In reality, we found that treatment 1 led to four more purchases than treatment 2, each havin. Let's see how often this happens randomly.

In [0]:
treatment_difference = treatment_1 - treatment_2

"""
Treatment_difference is the difference between the number of purchases in each treatment
group. Our real treatment difference was 4. To see how likely it is that we would see
these our observed results due to random chance, let's compare our result with the 
simulated results.
"""

count = 0

for difference in treatment_difference:
  if difference >= 4:
    count += 1 

"""
We run through each simulated scenario and count the number of times that the difference
between treatment group 1 and 2 is greater than or equal to our actual result.
"""

#we must divide by the number of simulations to get a percent:
percent_randomly_observed = count/num_simulations

print("Percent of time results as extreme or more extreme than ours were randomly generated:", percent_randomly_observed*100, "%")

Percent of time results as extreme or more extreme than ours were randomly generated: 12.393 %


There's our result: 12.39%. Even when we *know* that there's no difference between the treatment groups, about 12% of the time, due to randomness outside of our control, 4 or more people purchase when given treatment 1 and treatment 2.

Thinking back to earlier, the only way we can claim that our treatment groups actually make an impact, we must be able to say that our results were very unlikely to be generated randomly (and not due to our treatments).

In our case, we can't infer that treatment 1 is superior to treatment 2 because we can't infer from our data that the difference between the groups was not due to random chance.

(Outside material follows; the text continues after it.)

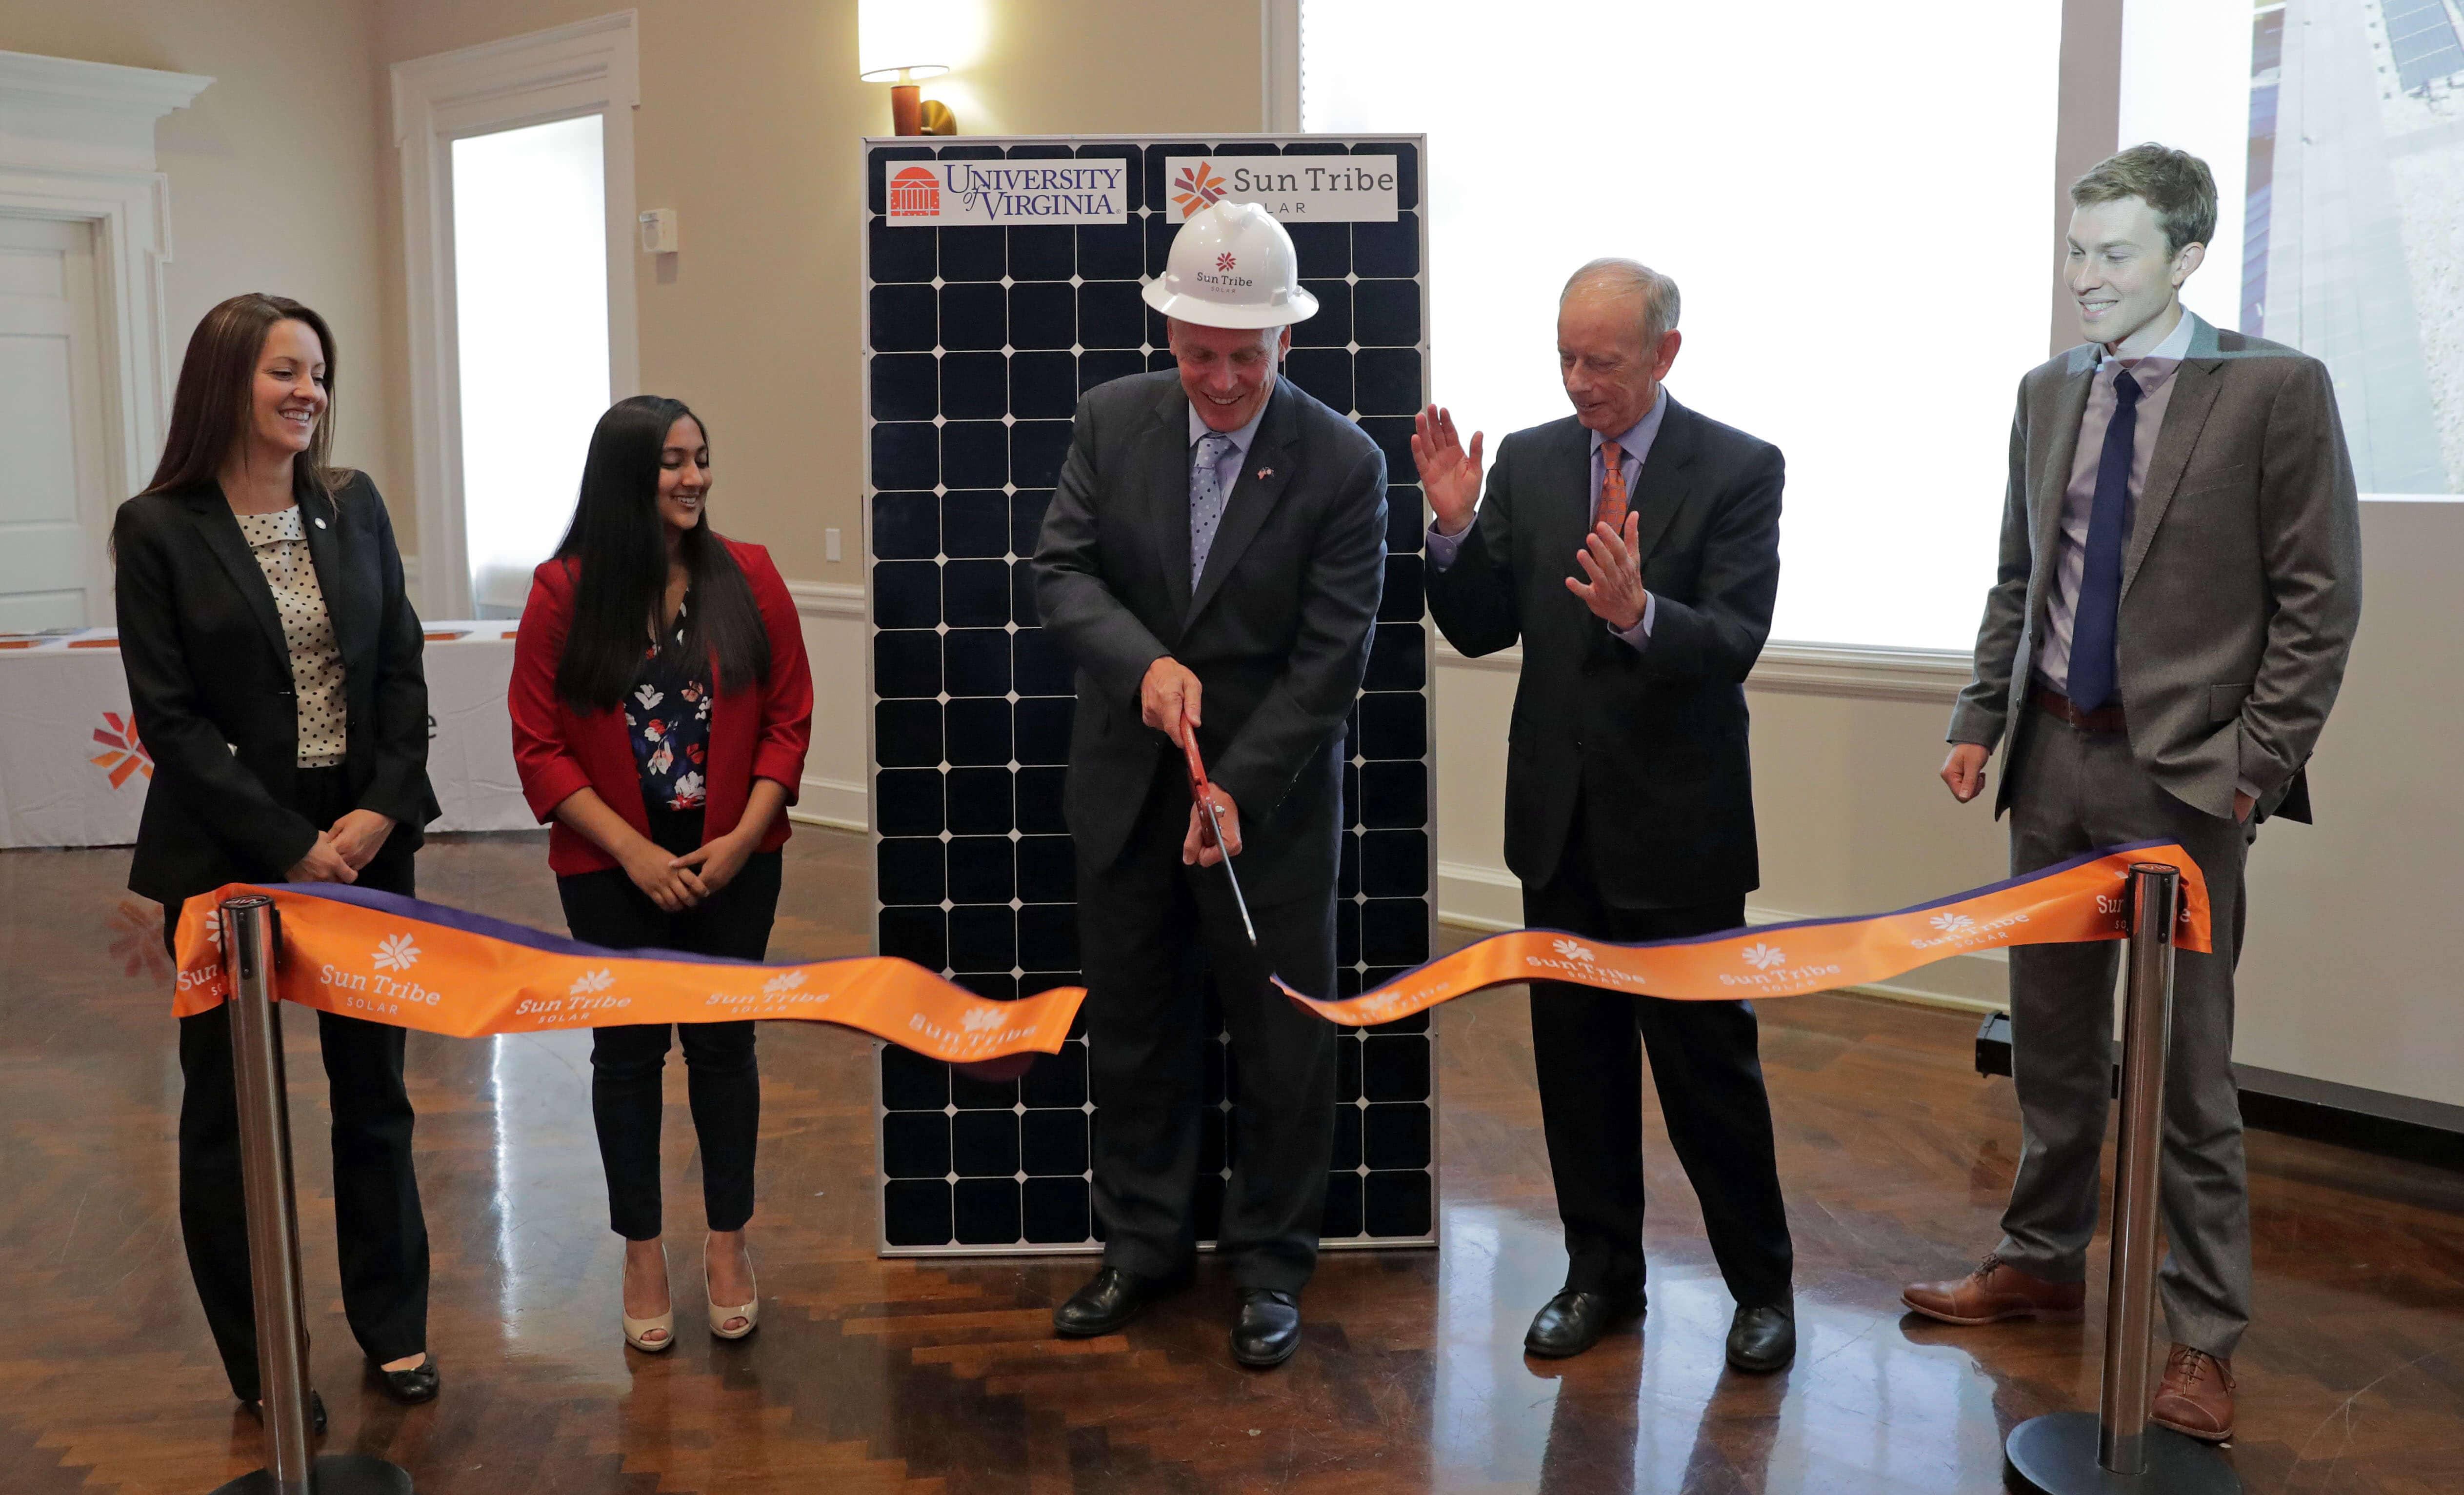 Virginia University Of Virginia Solar Project Turns Library Into 'Living Laboratory'

Especially when we have 100 treatments and 100 demographics, meaning we're running 10,000 smaller experiments of this type, this threshold is unacceptable.

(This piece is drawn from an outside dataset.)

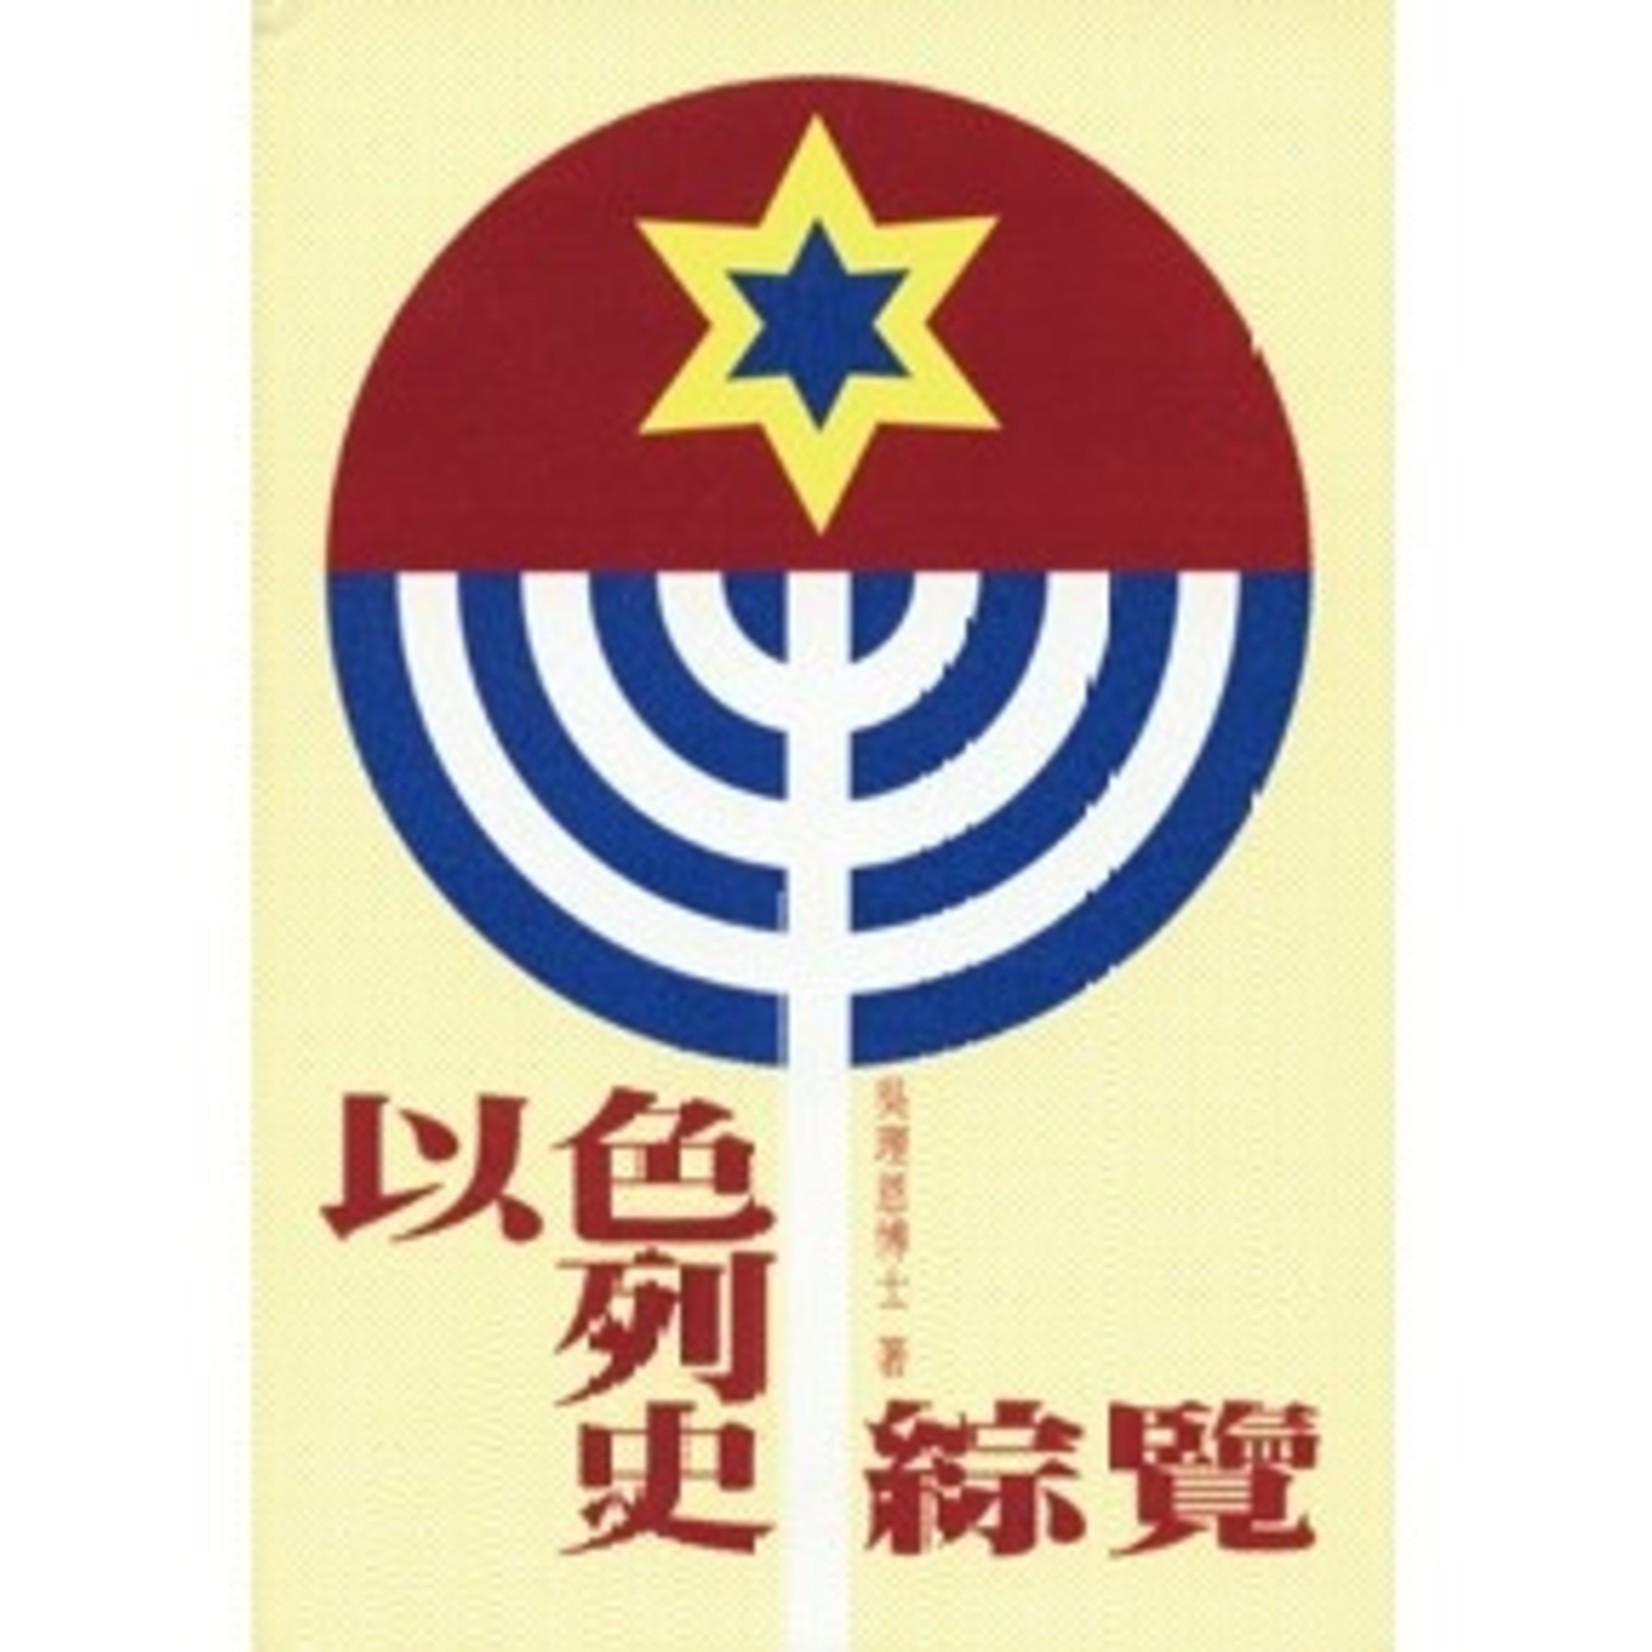 中華福音神學院 China Evangelical Seminary 以色列史綜覽 A Survey of Israels History

Different contexts require call for different thresholds to claim there is a causal connection. In most modern research contexts, a researcher needs to demonstrate that there's a less than 1% chance that their results would have been seen completely randomly (unrelated to their treatments). And even with those strict guidelines, many studies still end up falsely claiming that a causal relationship is present.

This percent chance that our results were generated randomly is called a P value, and in business contexts, a P value 5% (.05) is required. Meaning a team must demonstrate that their results had a less than 5% of being due to random chance.

While there are many mathematical approaches out there, such as the ANOVA test, or the T-Test, the essence of both is the same as this simulated test. They all evaluate whether or not we can make the assertion that our observed outcome was NOT randomly distributed by computing the probability of getting our observed data in a world where we know our treatments have no causal impact. These tests make something that's relatively simple in concept into a confusing mathematical calculation, so for the sake of understanding, I thought I'd demonstrate the simplest way to understand P values and A/B testing.

FINAL DISCUSSION: P Values

While we have already pointed out the problems will simply trusting the outcome of your A/B test without understanding the possibility of it being due entirely to randomness, it's equally important to discuss the modern discussion taking place about using a P value that's low enough.

A P value represents the likelihood that our results, (or results more extreme) would be seen *in a world where we know that our treatments make no difference.* A p value of .05 does **not** tell us that there's a 95% chance that our treatment has a causal impact on our outcome. This distinction is crucial, as it's been empirically found that when the P value is .05, there's actually only 70-80% chance that there's a causal impact. Meaning that with a P value of .05, your test will lead you to take a misled action 20-30% of the time (Johnson et al., 2013).

This same study, along with more recent research from more than 100 leading researchers suggests that a P value of .005 should be required for any meaningful argument to be made, and a P value of .001 is required for a significant connection to be made. (Benjamin et al., 2018) 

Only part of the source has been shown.